Recadrage au sein de PASTEF : Sonko rappelle les fondamentaux

Face aux récentes sorties de Bassirou Diomaye Faye, Ousmane Sonko recentre le débat sur l'ADN programmatique de PASTEF, tandis que l'opposition demande des réponses concrètes.
La scène politique sénégalaise est en pleine ébullition suite aux récentes déclarations du président Bassirou Diomaye Faye concernant l’avenir et le fonctionnement interne de PASTEF.
Ousmane Sonko a rapidement pris la parole pour réaffirmer la nature profonde de son parti. Le Premier ministre a tenu à rappeler que PASTEF demeure avant tout une organisation programmatique, fondée sur la réflexion et la formation d’idées plutôt que sur des jeux d’influence internes.
Cette mise au point souligne l’importance vitale pour la formation politique de rester fidèle à son héritage intellectuel.. En insistant sur cet ADN collectif, le leadership cherche à prévenir toute fragmentation interne tout en garantissant que les militants restent focalisés sur les enjeux nationaux plutôt que sur les ambitions personnelles.
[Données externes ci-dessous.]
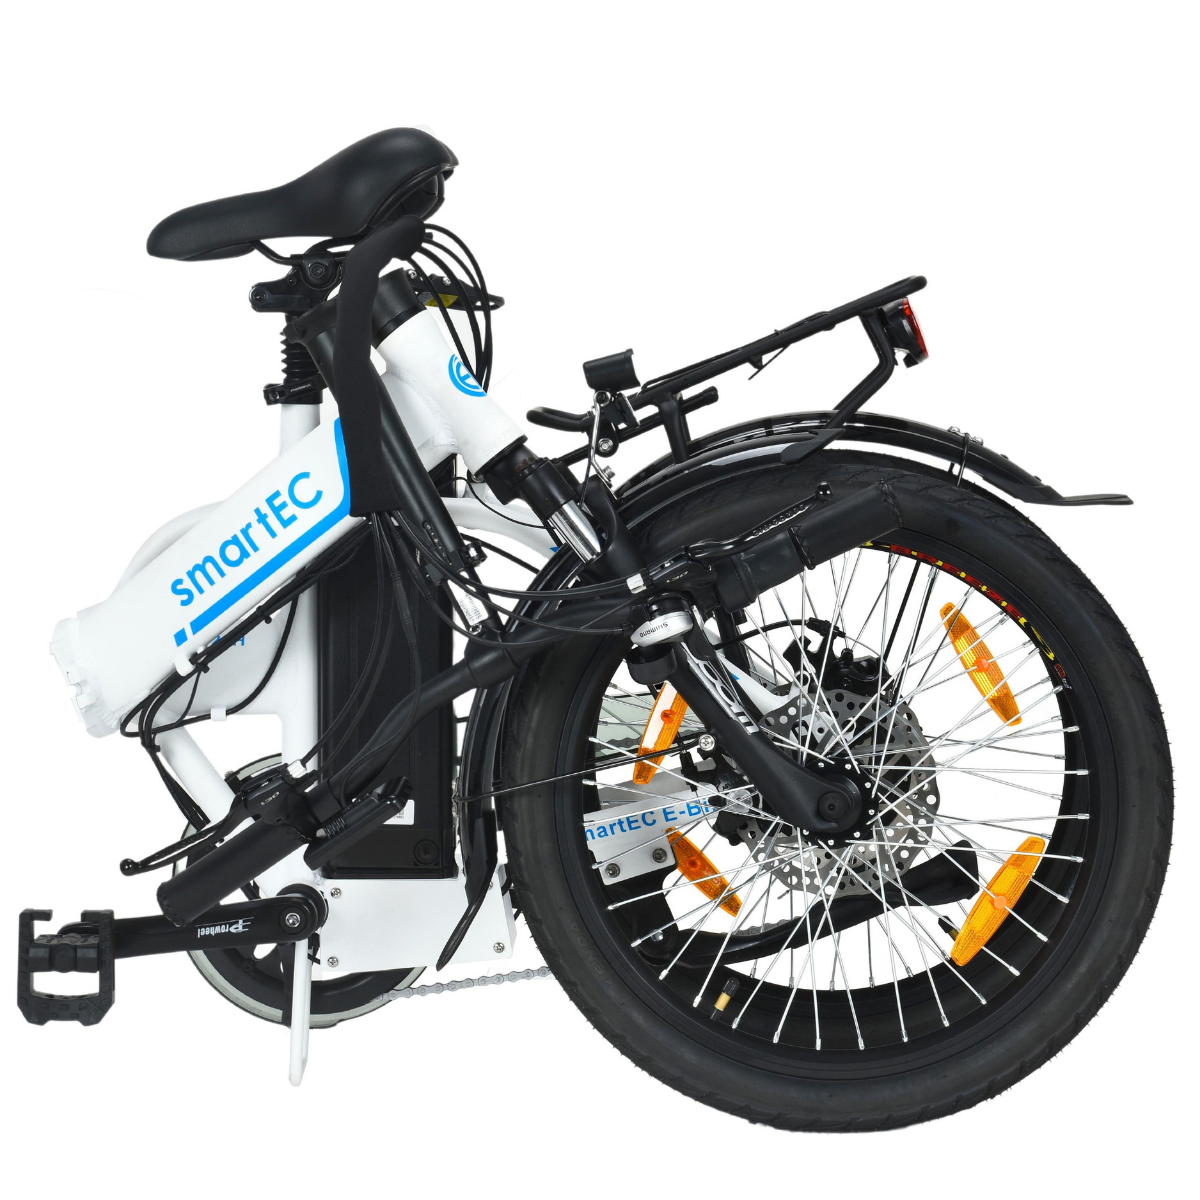 weiß) Rahmenhöhe: cm, Unisex-Rad, 20 Wh, Falt (Laufradgröße: 42 Zoll, 562 Pedelec/E-Bike Kompakt-/Faltrad Camp-20H SMARTEC

De son côté, le ministre Birame Souleye Diop a tenu à tempérer les inquiétudes présidentielles.. Selon lui, le parti a largement prouvé sa maturité et sa résilience lors des échéances électorales précédentes, estimant que la structure actuelle est suffisamment solide pour naviguer dans le contexte politique actuel sans perdre de vue ses objectifs initiaux.
Parallèlement, le parti ARC a profité de ces turbulences pour critiquer sévèrement la ligne de communication présidentielle.. Dans un communiqué officiel transmis à Misryoum, cette formation politique dénonce une priorisation des règlements de compte internes au détriment des urgences socio-économiques, telles que l’emploi des jeunes et la crise du coût de la vie.
Le climat reste tendu au sein de la classe politique, avec de nombreux députés et figures du mouvement qui n’hésitent plus à afficher publiquement leur loyauté inconditionnelle envers Ousmane Sonko.. Ces prises de position, parfois virulentes, illustrent un malaise croissant face aux tentatives de redéfinition de l’identité du projet patriotique.
À l’international, la situation demeure également précaire. Donald Trump a annoncé le lancement de « Project Freedom » dans le détroit d’Ormuz pour débloquer le trafic maritime, tandis qu’au Mali, les FAMa ont mené avec succès une opération contre une base logistique dans la région de Tombouctou.
Les divergences actuelles au sommet de l’État révèlent un défi de gouvernance majeur : réussir à transformer un mouvement de contestation en une machine administrative efficace, sans pour autant sacrifier la cohésion interne qui a fait sa force initiale.